In contrast to THC, CBD has rather beneficial effects. It has anti-emetic, anti-inflammatory, anti-oxidative, and spasmolytic¹⁰. Besides offsetting the adverse effects of THC in natural cannabis, it also makes CBD interesting for medical purposes, including treatment or symptom alleviation in complex diseases like epilepsy, Alzheimer's disease, Parkinson's disease, and multiple sclerosis¹⁰.

Besides the immediate effects of cannabis constituents, a major role in its toxicity is also attributed to cannabis farming and dispose.

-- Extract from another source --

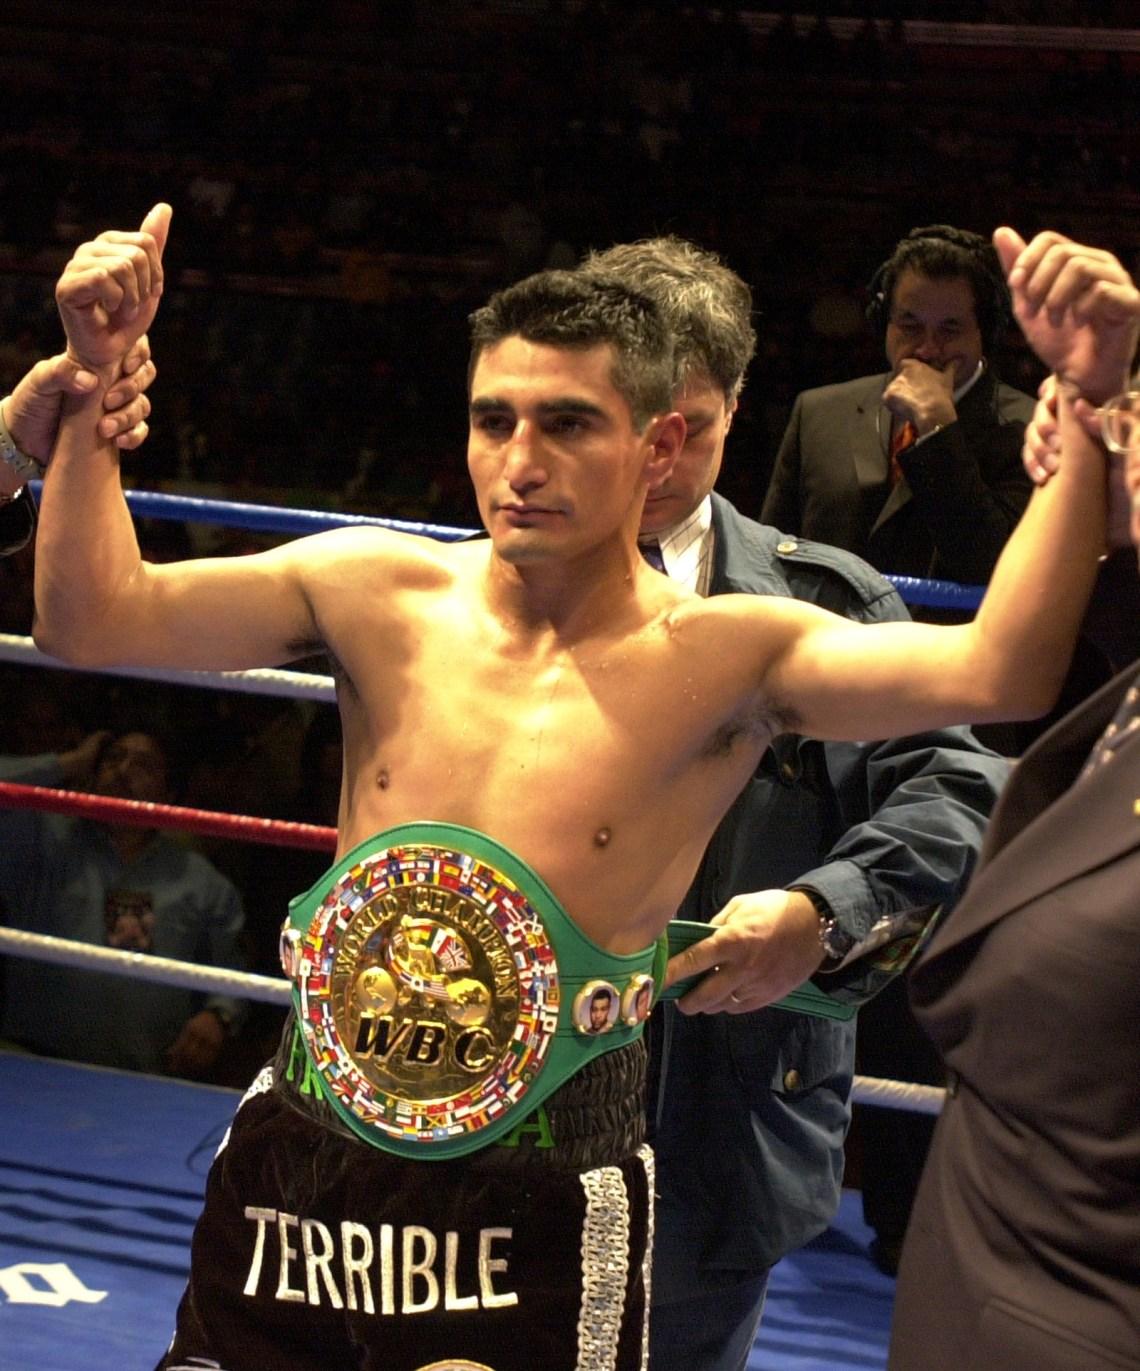 Ex boxeador campeón del mundo, El Terrible dijo que ahora quiere pelear pero por el pueblo de su natal Tijuana.
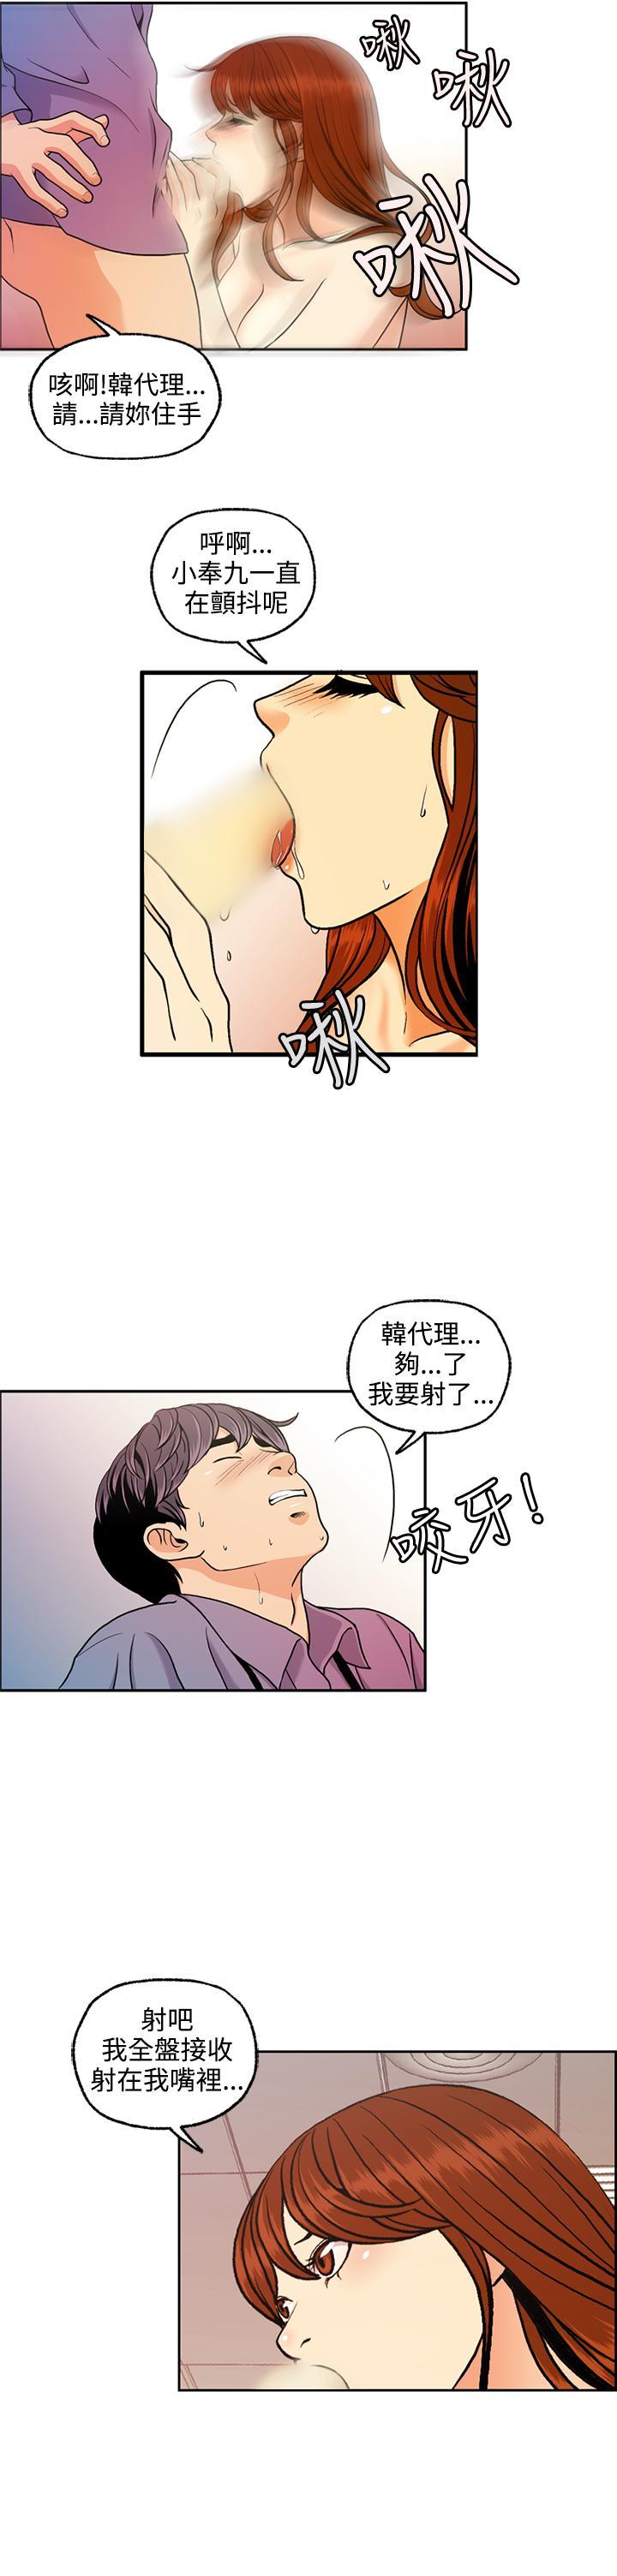 [洪班長] 淫stagram Ch.6~7 [Chinese]中文 13

Due to the illicit status of cannabis in most countries, use of agricultural chemicals (e.g. pesticides, heavy metals) is neither controlled nor documented³. Besides leading to toxic effects of potential residues in the product it also poses a significant environmental hazard and has to be dealt with by public authorities³.

References and further reading:

1. Cannabis sativa L. | Plants of the World Online | Kew Science. Available at: http://www.plantsoftheworldonline.org/taxon/urn:lsid:ipni.org:names:306087-2. (Accessed: 16th February 2020)
2. Hanf-Dämmung - ökologischer Dämmstoff. Available at: https://www.oekologisch-bauen.info/baustoffe/naturdaemmstoffe/hanf.html. (Accessed: 16th February 2020)
3. European Monitoring Centre for Drugs and Drug Addiction & Europol. EU Drug Markets Report 2019. Publ. Off. Eur. Union, Luxemb. (2019). doi:10.2810/766585
4. European Monitoring Centre for Drugs and Drug Addiction (EMCDDA). European Drug Report 2019: Trends and Developments. Publ. Off. Eur. Union, Luxemb. (2019). doi:10.2810/191370
5. WHO | The health and social effects of nonmedical cannabis use. WHO (2016).
6. Sharma, P., Murthy, P. & Bharath, M. M. S. Chemistry, metabolism, and toxicology of cannabis: Clinical implications. Iran. J. Psychiatry 7, 149–156 (2012).
7. Cooper, Z. D. Adverse Effects of Synthetic Cannabinoids: Management of Acute Toxicity and Withdrawal. Current Psychiatry Reports 18, 1–10 (2016).
8. Turner, A. R. & Agrawal, S. Marijuana Toxicity. StatPearls (StatPearls Publishing, 2019).
9. Lu, H. C. & MacKie, K. An introduction to the endogenous cannabinoid system. Biological Psychiatry 79, 516–525 (2016).
10. Millar, S. A., Stone, N. L., Yates, A. S. & O’Sullivan, S. E. A Systematic Review on the Pharmacokinetics of Cannabidiol in Humans. Front. Pharmacol. 9, 1365 (2018).